We start scanning the GRU size parameter, together with the number of convolutional layers:

GRU vs conv layer

GRU unit size and the number of convolutional layers seem not to affect too much the overall validation accuracy, which is always found between 70 and 75%. To gain more insights on the effect of different network structure we plot the evolution of accuracy and validation accuracy during the training:

GRU size conv layer

We can see how the training accuracy behaves much better than before, greatly exceeding the 90% limit set by the previous model. At the same time, we notice that the validation accuracy saturates around the epoch 100, at about 70-75%. This seems to be a clear indication of overfitting. Our idea is therefore to introduce some kind of regularization (e.g. dropout).

It is also interesting to isolate the effect of the presence of convolutional layers. In the following plot, we present the validation accuracy during the training for 0, 1, 2 and 3 convolutional layers between the input and the GRU unit.

number of convolutional layers

The presence of convolutional layers seems to increase the learning speed, moreover leads to cleaner results: the thickness of the shadow showing the variance of the signal decreases.
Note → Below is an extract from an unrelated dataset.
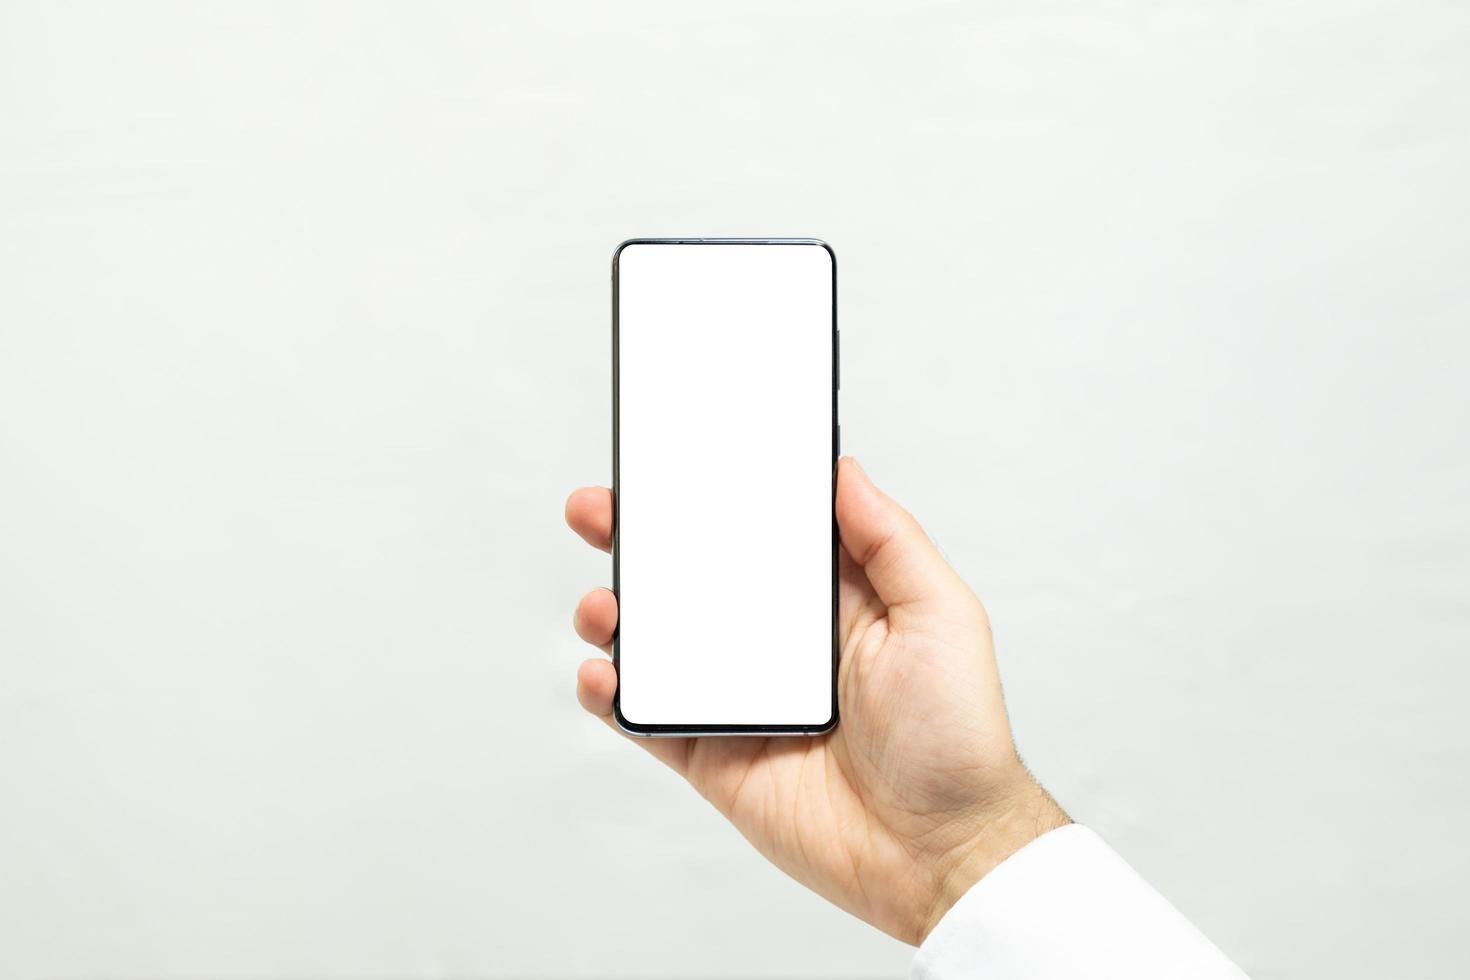 tenant un smartphone à écran blanc vertical photo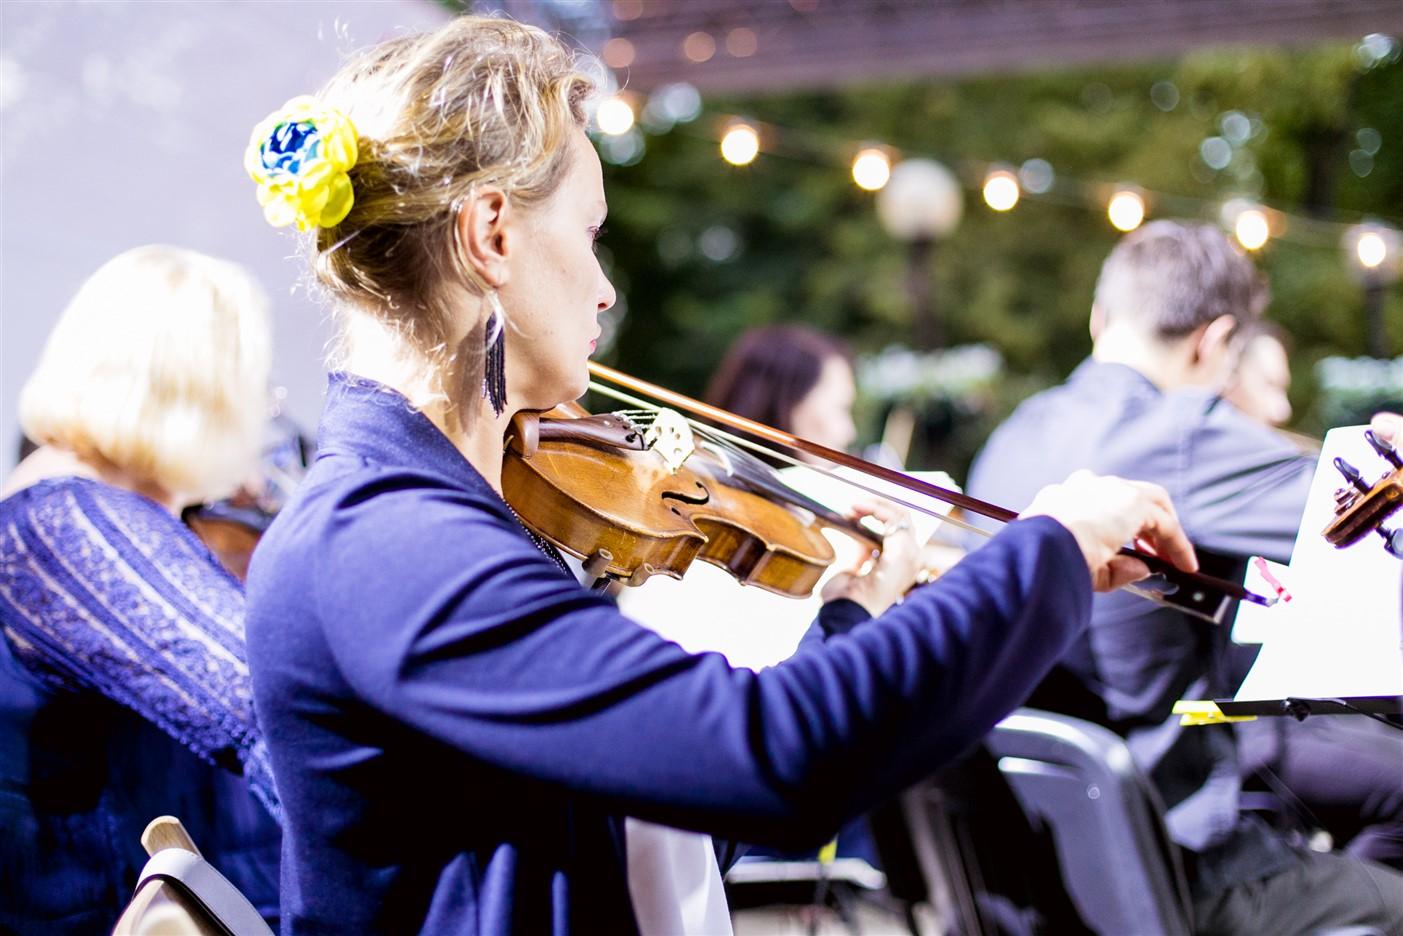 В Киеве слушали классику, несмотря на ливни

For the future, we set the number of convolutional layers to be 3.

GRU and overfitting - 11△

Now the training accuracy is great, but the validation accuracy does not increase more than 70-75%. After around 75 epochs of training, the validation accuracy stops to increase. This is a symptom of overfitting. To try to fix this we changed the GRU unit size (to reduce the complexity of the model) and introduce two dropout steps: recurrent dropout within the GRU layer, and classic dropout in between the convolutional layers. As we can see in the plot below none of these techniques worked out, but actually, reduce the performance of the model.

model 11 overfit

GRU with mouse movement - 12△

Since the bottleneck might still be the training size, we decide to try again our bigger dataset (the one obtained using mouse movements instead of touchpad ones). We study again the accuracy as a function of the training size.

training size mouse

Similarly to the touchpad dataset the accuracy hits its maximum at around 500 batches of training. This time it is clear that having more training datapoints does not improve the performance of the model.

Training size and regularizers - 13△

In the previous section, we realized that we are not limited by the size of the training data. Using the same training dataset we can try to train our model with bigger batches, which effectively reduces the number of batches available. At the same time it will increase the minimum time required for the model to perform a guess: twice the batch size, twice is the recording time needed. Nevertheless, the accuracy might increase.

batch and training size

On the most left plot, we see how bigger batch size generally corresponds to an improvement of the model performance. The accuracy saturates around a batch size of 500. On the central plot and on the most right one, we test if the amount of training data is enought even for larger batches. The answer is positive since we observe saturation in both cases. With a batch size of 800, we reach a validation accuracy higher than 80%.

Using a batch size of 800 we try to fill the gap between validation accuracy and training accuracy playing with the GRU unit size, the number of convolutional layers and the l1 regularizer within the GRU unit.

gru_size conv regularizer

None of those methods provide improvements to accuracy. The GRU unit size seems not to affect the accuracy substantially. The number of convolutional layers is relevant, but we were already using 3 of them, which corresponds to the best performance. The l1 regularization technique seems detrimental, always reducing the validation accuracy.